It's my turn to reveal a great secret Smile

: we can find an isosceles triangle, no matter what finite number of colors we use (not just the very small number $2$ ). We just use Van der Waerden's Theorem and that idea with the arithmetic progression.

**Posted:** Thu Jan 06, 2005 9:04 am

Mario_KaRt

In that case, can anyone prove it only for an isoceles triangle? I would like to see how a proof would look like for this problem...

**Posted:** Thu Jan 06, 2005 9:13 am

grobber

You're refering to the case with $r$ colors?

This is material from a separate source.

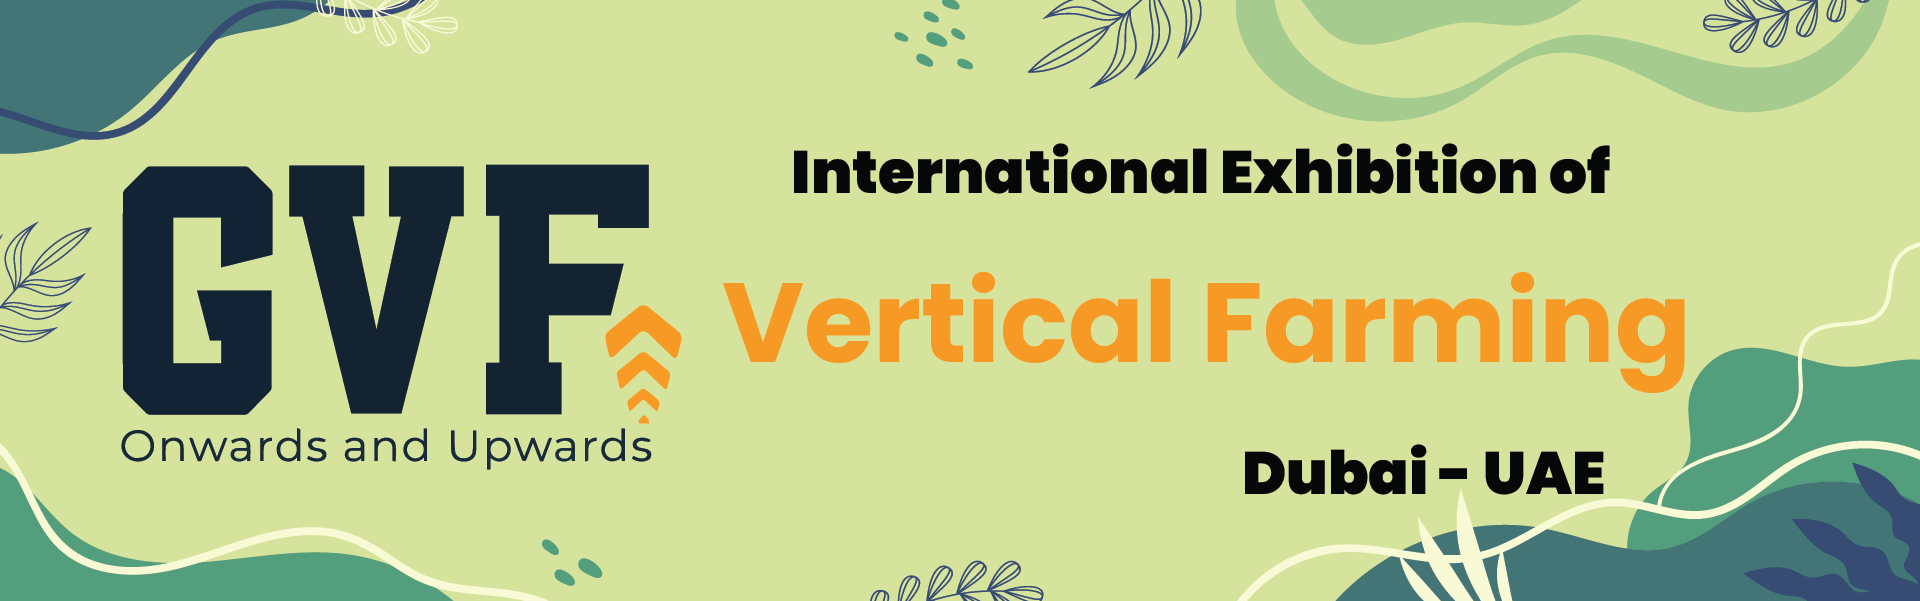 Vertical Farming Exhibition Dubai

In that case, basicly, the proof has already been posted Smile

. One of the versions of Van der Waerden's Theorem states that there is an $n(3,r)$ s.t. whenever $n\ge n(3,r)$ , any coloring of the numbers $1,2,\ldots,n$ with $r$ colors yields an arithmetic progression with $3$ elements, all colored the same.

Now consider a regular polygon with $n\ge n(3,r)$ vertices on the circle, and number its vertices $1,2,\ldots,n$ in a clockwise direction. The vertices are colored with $r$ colors, so we can find an arithmetic progression. The vertices corresponding to the numbers in arithmetic progression form an isosceles triangle.

P.S.

I think this has been discussed before. I seem to remember Pierre giving the exact same solution a while back.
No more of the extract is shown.